De mon propre point de vue, je me suis donc donné pour objectif d’aider à renouveler ce champ d’art dramatique. Ceci commence tout d’abord par moi-même, mes proches et même par l’investissement dans la pierre, c’est-à-dire dans l’infrastructure afin de travailler la superstructure qui est le 4art et le cinéma. Dans ce contexte, est venu le projet d’un espace culturel à Hammamet. En effet, il s’agit d’une ancienne salle de cinéma créée en 1976. Elle s’appelait dans le temps « inchirah », (gaieté). Elle a été rénovée en cette année 2025. Cette même salle avait été exploitée en tant que lieu pour les fêtes de mariage, à partir de 2002. Mais maintenant, il y a une volonté de la part de son propriétaire de reprendre sa vocation première, à savoir : le cinéma et les représentations sous toutes leurs formes. Avec mes amis, nous avons repris cette salle qui fut en ruine puisqu’elle avait trouvé des difficultés depuis 2017.

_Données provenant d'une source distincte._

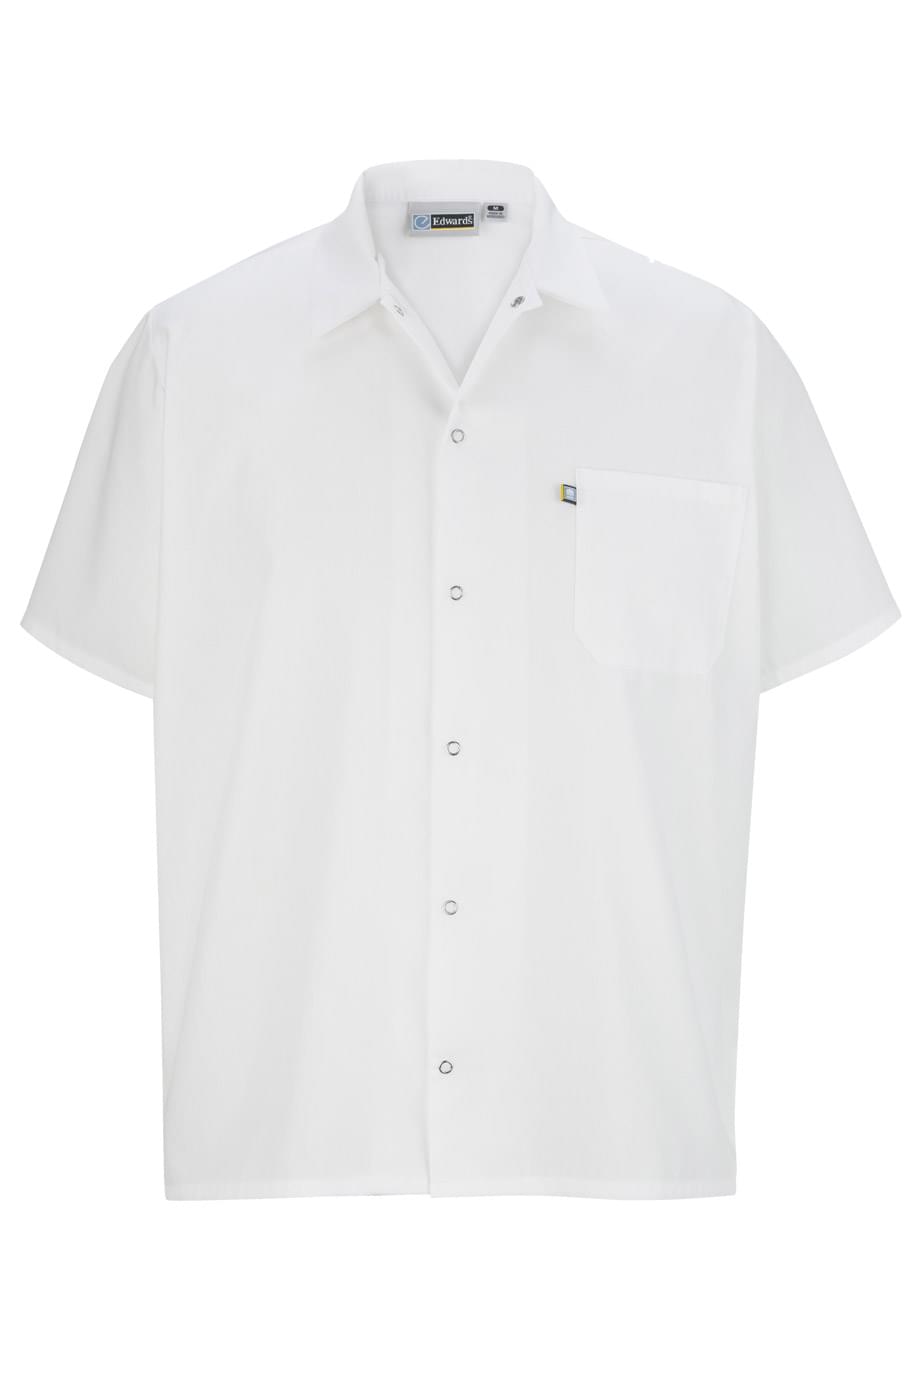 Edwards Garment 1302 - Snap Front Utility Shirt

Espace Hammamet Art et Culture avant sa rénovation ©HAC
Espace Hammamet Art et Culture avant sa rénovation ©HAC

Actuellement, je mets beaucoup d’espoir et de volonté pour que ce lieu devienne un tremplin pour un nouvel élan de créativité dans la localité de Hammamet. C’est aussi une plateforme pour tisser des liens avec les pays occidentaux et orientaux. L’investissement dans cet espace Hammamet Art et Culture (HAC) est une façon de connaitre de plus en plus les acteurs de la production et de la diffusion, notamment des associations telles que Sada. L’espace HAC après 9 mois de travaux, débutés en 2024, est désormais prêt pour l’exploitation. Pour moi, c’est un projet de vie. Il se divise en trois étages et un sous-sol. Il est situé en plein cœur de la ville, à proximité du boulevard emblématique, accueillant des visiteurs du monde entier grâce à sa mer, mais aussi à l’ouverture d’esprit qui la caractérise.  Cet espace culturel se trouve donc plus particulièrement en plein milieu de la cité commerciale de la ville, dans laquelle il y a des bars, des cafés branchés, des restaurants, de l’artisanat et des hôtels vibrant au rythme de cet endroit qui ne dort pas, surtout en été. Cet espace dispose ainsi de 1000 m² exploitables pour les différents types d’art.


Sur le plan purement artistique, j’ai un projet en cours avec le metteur en scène Ali Yahyaoui. C’est un monodrame qu’on est en train de mettre en place progressivement. Dans ce travail artistique, j’ai pris la place du grand comédien Jamel Madani. Après avoir arrimé nos deux visions, le metteur en scène et moi-même, on s’est entendu pour travailler ensemble. Ce monodrame s’appelle "L’étranger", "El garib". En gros, c'est l'histoire d'un homme de Tataouine venntt tenter sa chance dans le centre-ville de Tunis.